Bazı psikologlar, geçmişi böyle pespembe hatırlama yanılgısına “rosy retrospection” adını veriyor. Bağımlılıktan kurtulma topluluklarında ise geçmişi romantikleştirmeye bazen “öforik hatırlama” deniyor ve bu durum “olumsuz sonuçlar yerine sadece uyarıcı kullanımıyla ilişkili zevkleri hatırlamak” olarak tanımlanıyor. Geçmişi romantize etmeyi ifade eden terim hangisi olursa olsun; bu duyguyu hepimiz biliyoruz. Peki bu, kötü bir şey mi?

Geçmişe özlem duymak zaman zaman bunaltıcı olsa da aslında bir amaca hizmet ediyor. Kişilerarası ilişkiler ve kimlik konusunda uzmanlaşmış bir terapist olan Dr. Nikki Coleman, “Gün boyunca milyonlarca bilgiyle dolup taşıyoruz, bu nedenle tüm bu verileri anlamlandırmak için kısa yollara güveniyoruz.” diyor. Araştırmalara göre de beynimiz bu tür bir kestirme yol izlemek için olumsuz anıları unuturken doğrudan olumlu anlara gidiyor. Dr. Coleman, bu durumu“Tüm olumsuzlukları, tehditleri ve korkuları yeniden yaşamak çok fazla bilişsel enerji gerektirir, bu yüzden doğal olarak ‘Hiçbiri o kadar da kötü değildi’ diyoruz.” şeklinde belirtiyor.

Geçmişi ve bugünü adil değerlendirmek için neler yapabiliriz?

2019 tarihli bir araştırma, kötü anıların iyi anılardan daha hızlı unutulmasının “psikolojik esenlik ve azim” olarak tanımlanan daha yüksek cesaretle ilişkili olduğunu gösterdi. Psikoterapist Britt Frank “İnsanlar genellikle geçmişi romantikleştiriyor çünkü gerçek acı verici” diyor. Yani aslında bu, bir çeşit duygusal uyuşma hali.

Sonuç olarak geçmişe sevgi ve özlemle bakmak rahatlatıcı ve keyifli olabilir. Ama bunu yapmak şu anki hayatınız hakkında kötü hissetmenize neden oluyorsa, belki de bakış açınızı değiştirmelisiniz. İşte geçmişi ve bugünü adil bir şekilde değerlendirebilmek için bazı uzman tavsiyeleri.
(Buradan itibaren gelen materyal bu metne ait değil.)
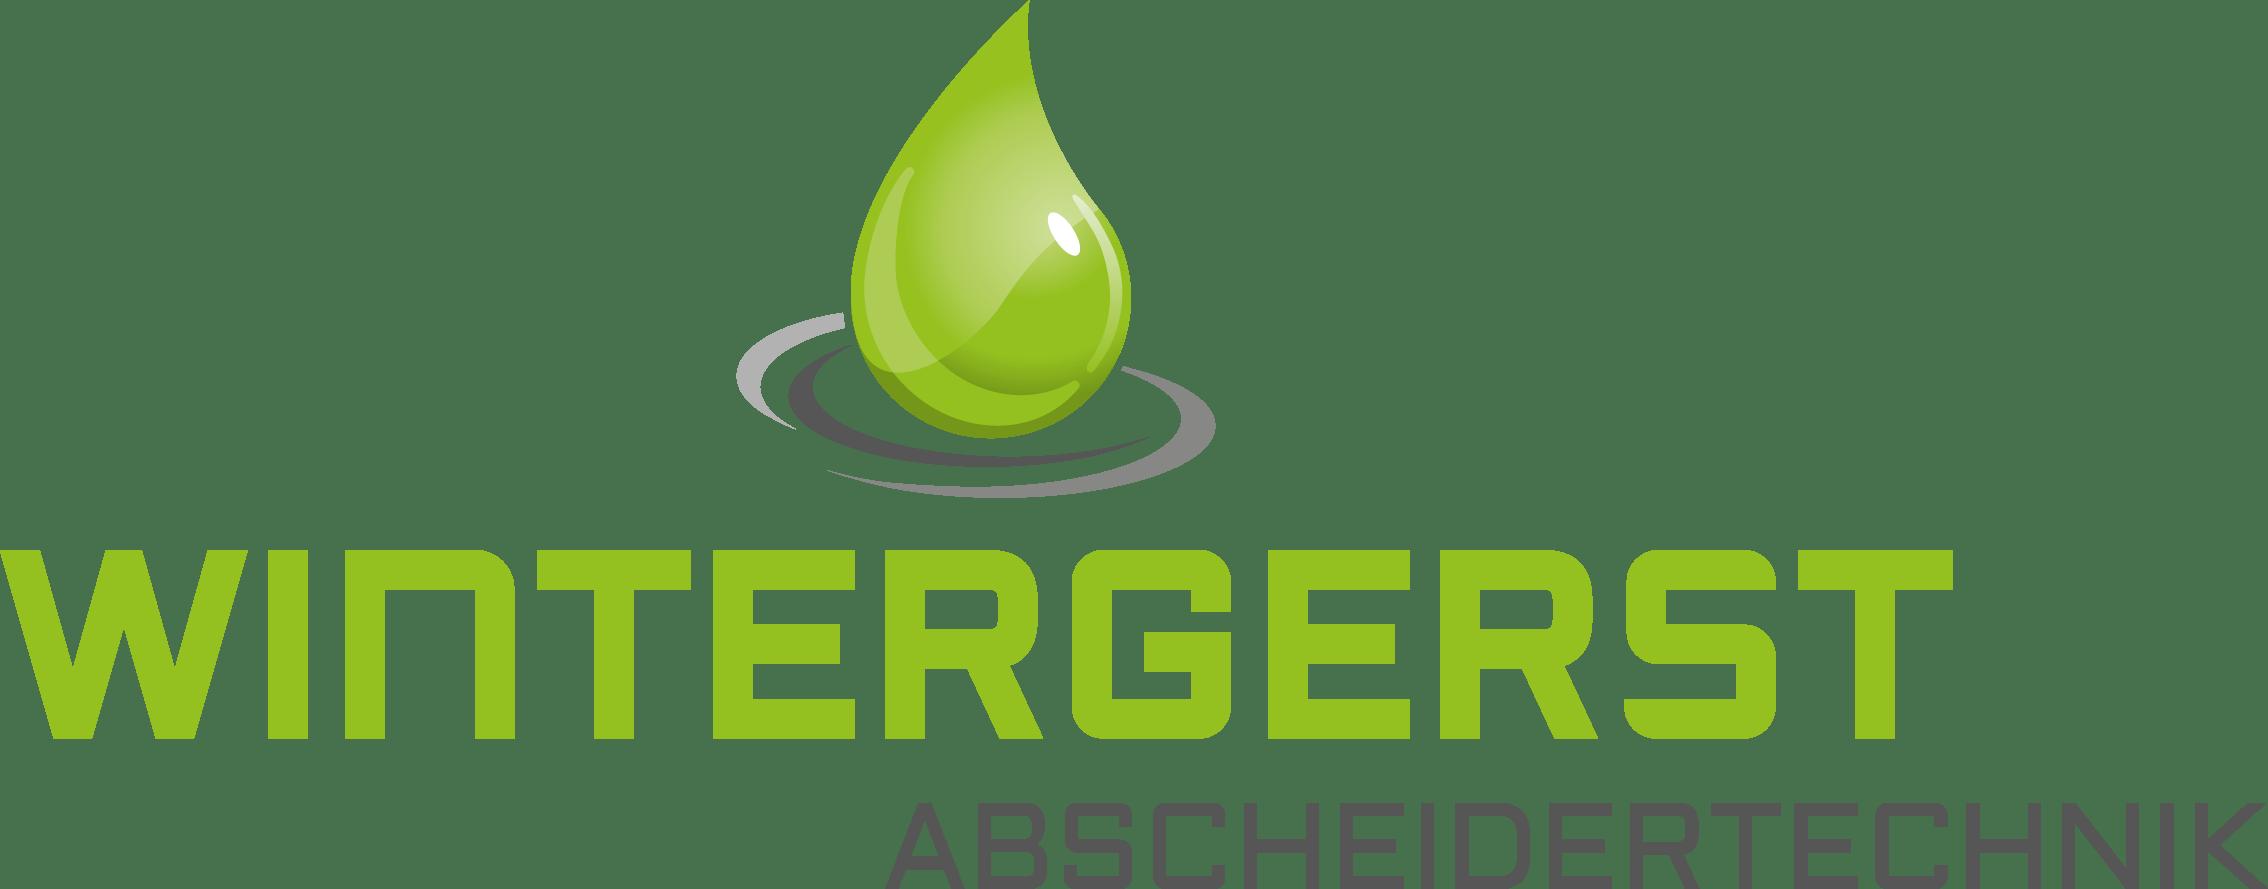 Wintergerst Abscheidertechnik GmbH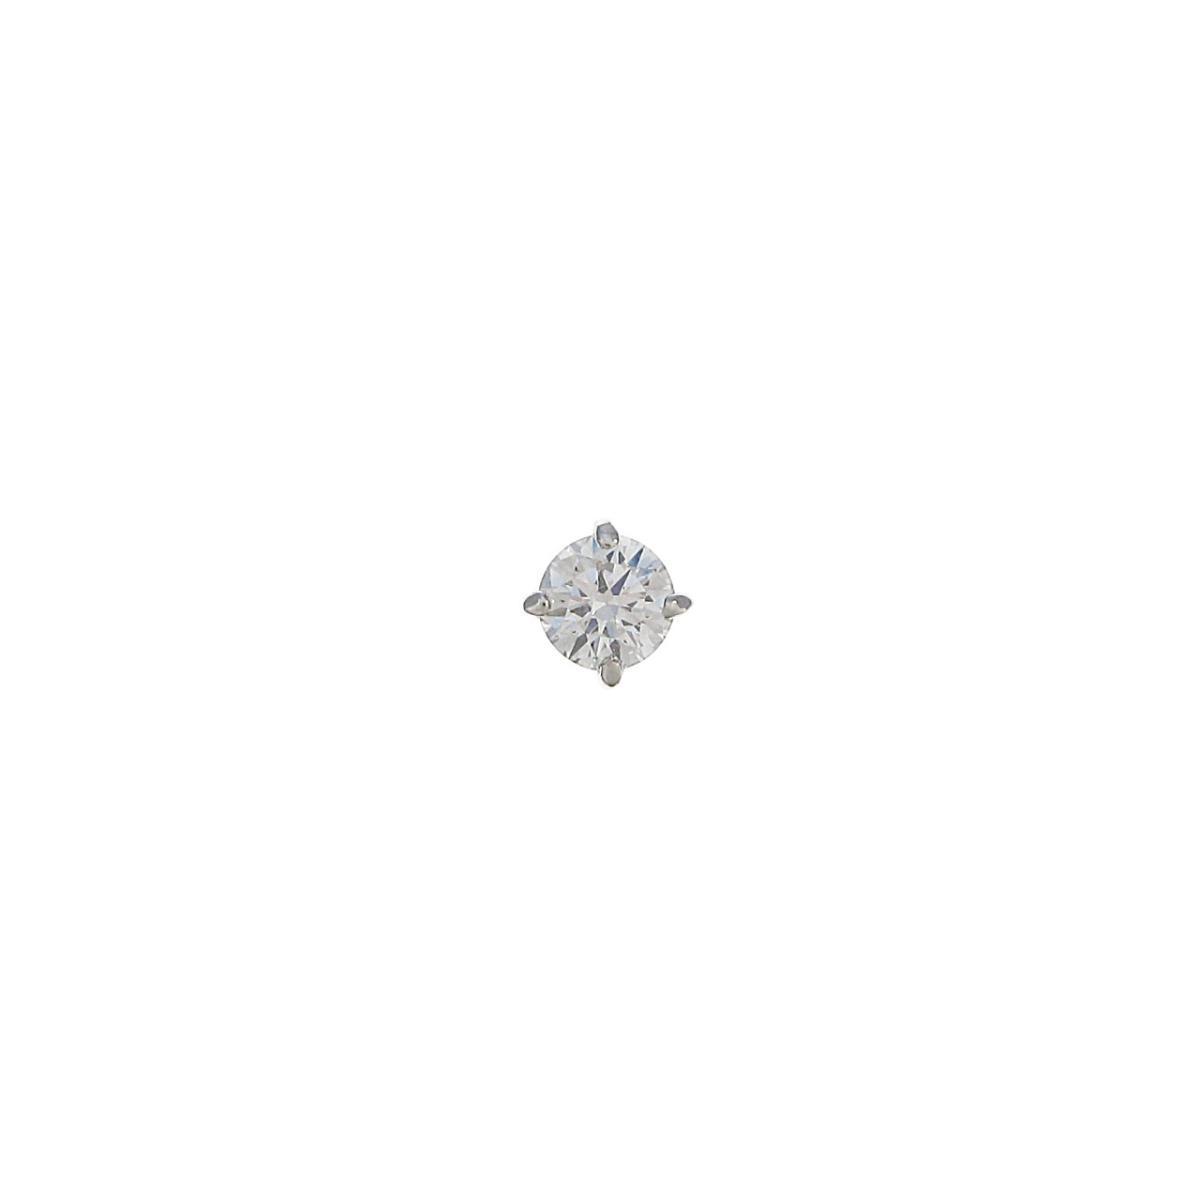 プラチナ ダイヤモンドピアス 0.222ct・D・VVS1・VG 片耳【中古】

1. Kurduğunuz fanteziyi değiştirin

Uzmanlar, geçmişteki güzel zamanları hatırladığınızda, onları doğru bir şekilde göremediğinizi kabul etmeyi öneriyor. Başka bir deyişle, kurduğunuz fanteziyi değiştirmek için kendinize bir dizi soru sorun. Geçmişin çarpıtılmış bir resmini çizmediğinizden emin olmak için kendinize şu soruyu sormayı alışkanlık haline getirin: “Kendime anlattığım bu hikaye ne kadar doğru?”

Doğru cevabı bulmak için ise pozitifi negatifle veya belki nötrle dengeleyerek anılarınıza bir gerçeklik kontrolü yapmayı deneyin. Örneğin, geçmişteki “mükemmel” ilişkinizi anıyorsanız, bu ilişkiyle ilgili tam olarak aşk romanlarında olmayacak beş şeyi tanımlayın. Buradaki amaç olumsuzlukların üzerinde durmak değil, iyi anıları pek iyi olmayanlarla dengelemek. Böylece gerçekte ne olduğuna dair daha net bir resme sahip olabilirsiniz. Sonuçta geçmişi romantize etme olasılığınız azalır ve şimdiki zamanın yeterli olduğunu görebilirsiniz.

2. Neyi kaçırdığınızı fark edin

Rüya gibi görünen anılarınıza bakın ve kendinize o zamanlarla ilgili tam olarak neyi özlediğinizi sorun. Belki sevildiğinizi hissettiniz ya da yaptığınız şey sizi heyecanlandırıyordu. Nostaljinizin köklerini belirlemek, özlemini çektiğiniz aynı neşeli duyguların bazılarını yaşayabileceğiniz benzer durumları yeniden yaratmanıza yardımcı olabilir.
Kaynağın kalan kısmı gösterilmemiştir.